My H is a people pleaser and really good at the chameleon mask.
My XWH is a covert narc, and I understand the chameleon mask. I used to think he was a people pleaser until I started doing some investigating on narcissistic abuse, and taking a long, hard look at what my XWH had done during the M. He wasn't a people pleaser - he was a Mr. Fields pleaser. He'd say about anything to make you think he was agreeing with you but would fuzz the words just enough (narcs are good at word salad) where it was really lying by omission and/or gaslighting.
But he has lied, minimized, denied and manipulated me in order to not have to be fully accountable.
This is emotional abuse. He won't allow you to have information needed in order to make an informed decision on what to do. He has removed your agency. Has he thought of his actions as abusive? I don't know if that would be a wake up call for him.
And you're right that there's no excuse for an A. He could have chosen to do a million other things, but he selfishly picked himself over you.
Has he read How To Help Your Spouse Heal After Your Affair by Linda MacDonald or Not Just Friends by Dr. Shirley Glass? MacDonald's book has a nice blueprint for waywards to get started on their journey and tells the wayward they need to be very empathetic. Dr. Glass' book has a chapter on windows and walls that is helpful in understanding boundaries. You build windows (transparency) with your spouse, but you build walls (safeguards) to keep others out of the M.

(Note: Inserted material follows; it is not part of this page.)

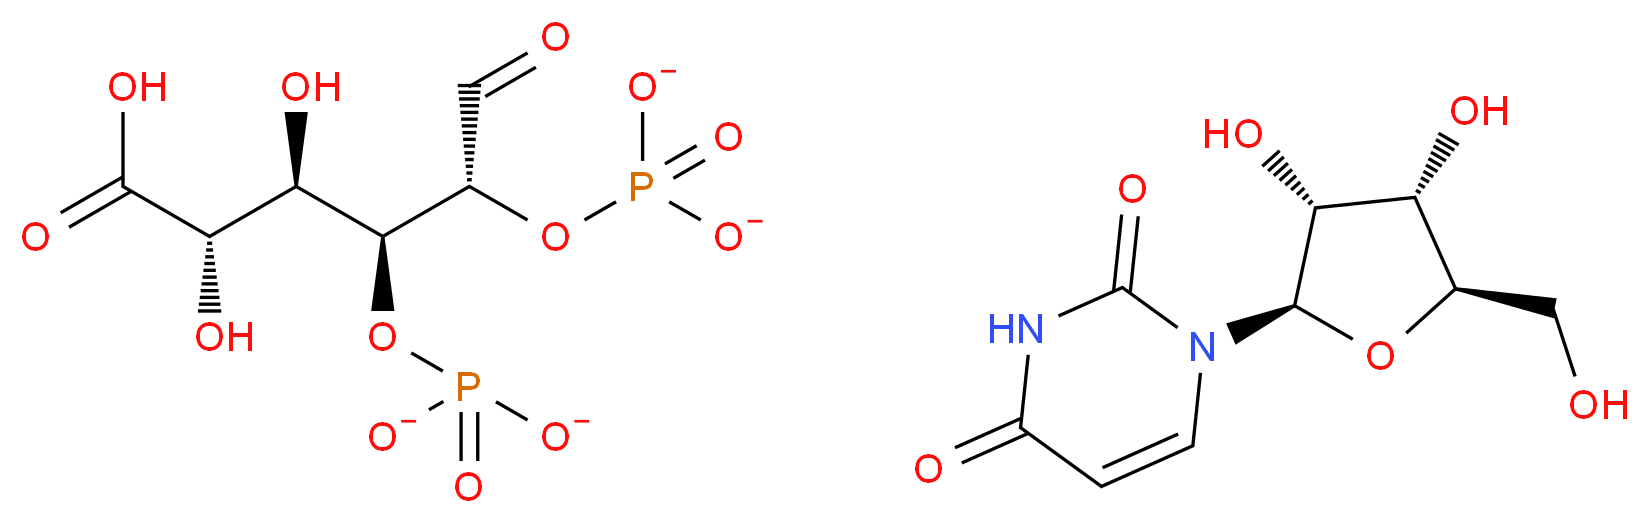 2616-64-0 molecular structure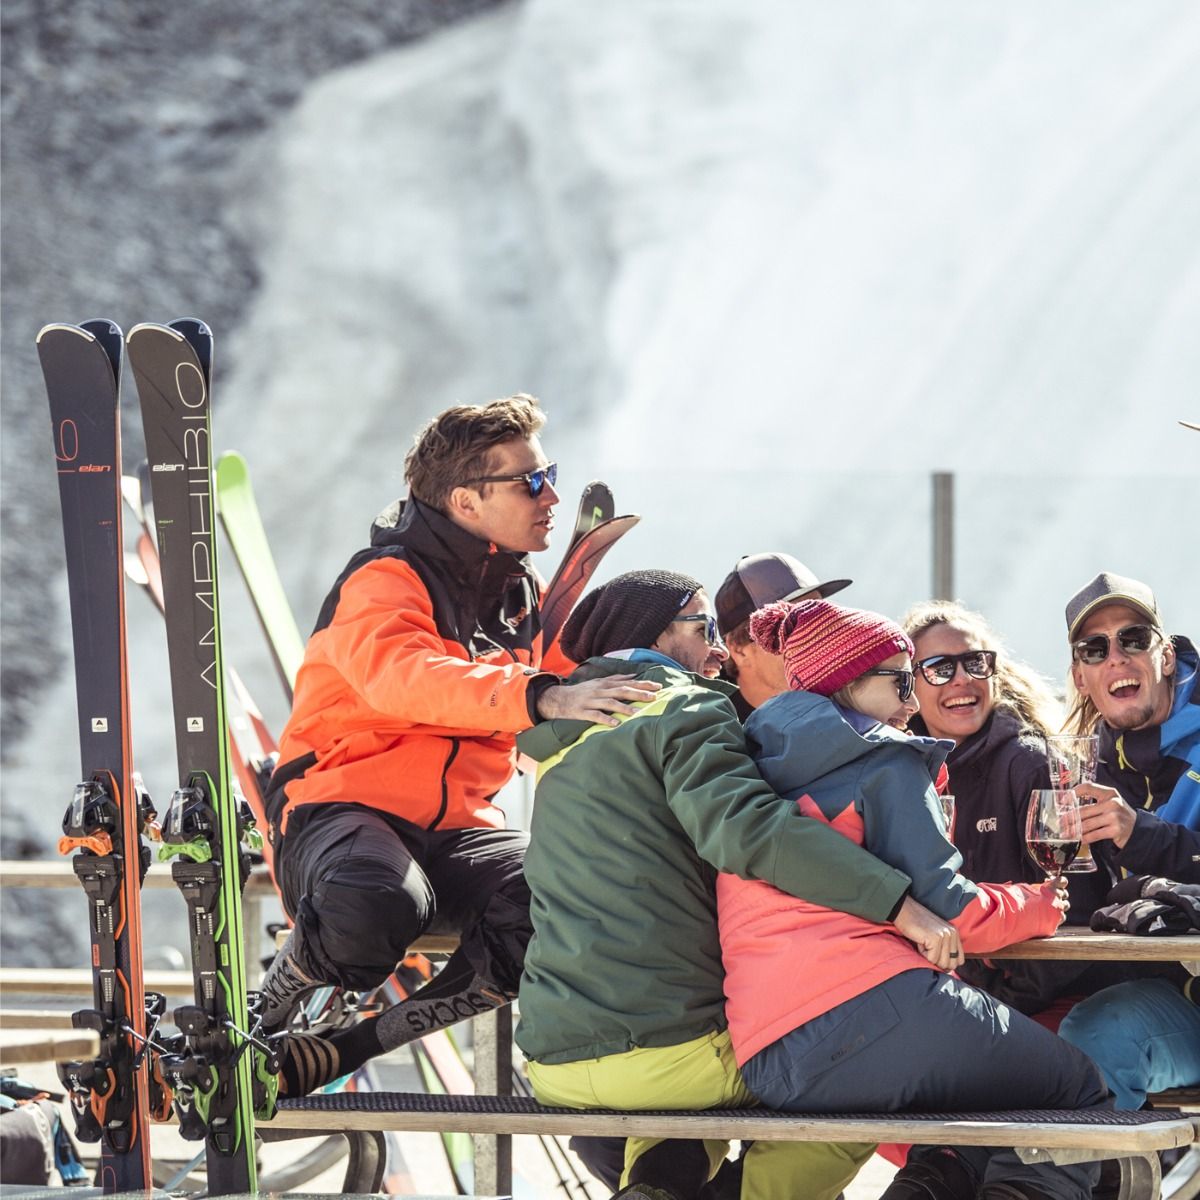 Горные лыжи с креплениями ELAN 2019-20 Amphibio 16Ti FusionX + EMX 12 FusionX

If he's 1000% sincere and does the work, things can turn around. We have examples of that here, so I don't want to be a total downer for your holiday. It takes a lot of work and time.
The emotional rollercoaster is a something that we mention. Right now, you feel numb, which could be a trauma response. Tomorrow, you may be madder than mad or curled up bawling on your bathroom floor. It's all normal.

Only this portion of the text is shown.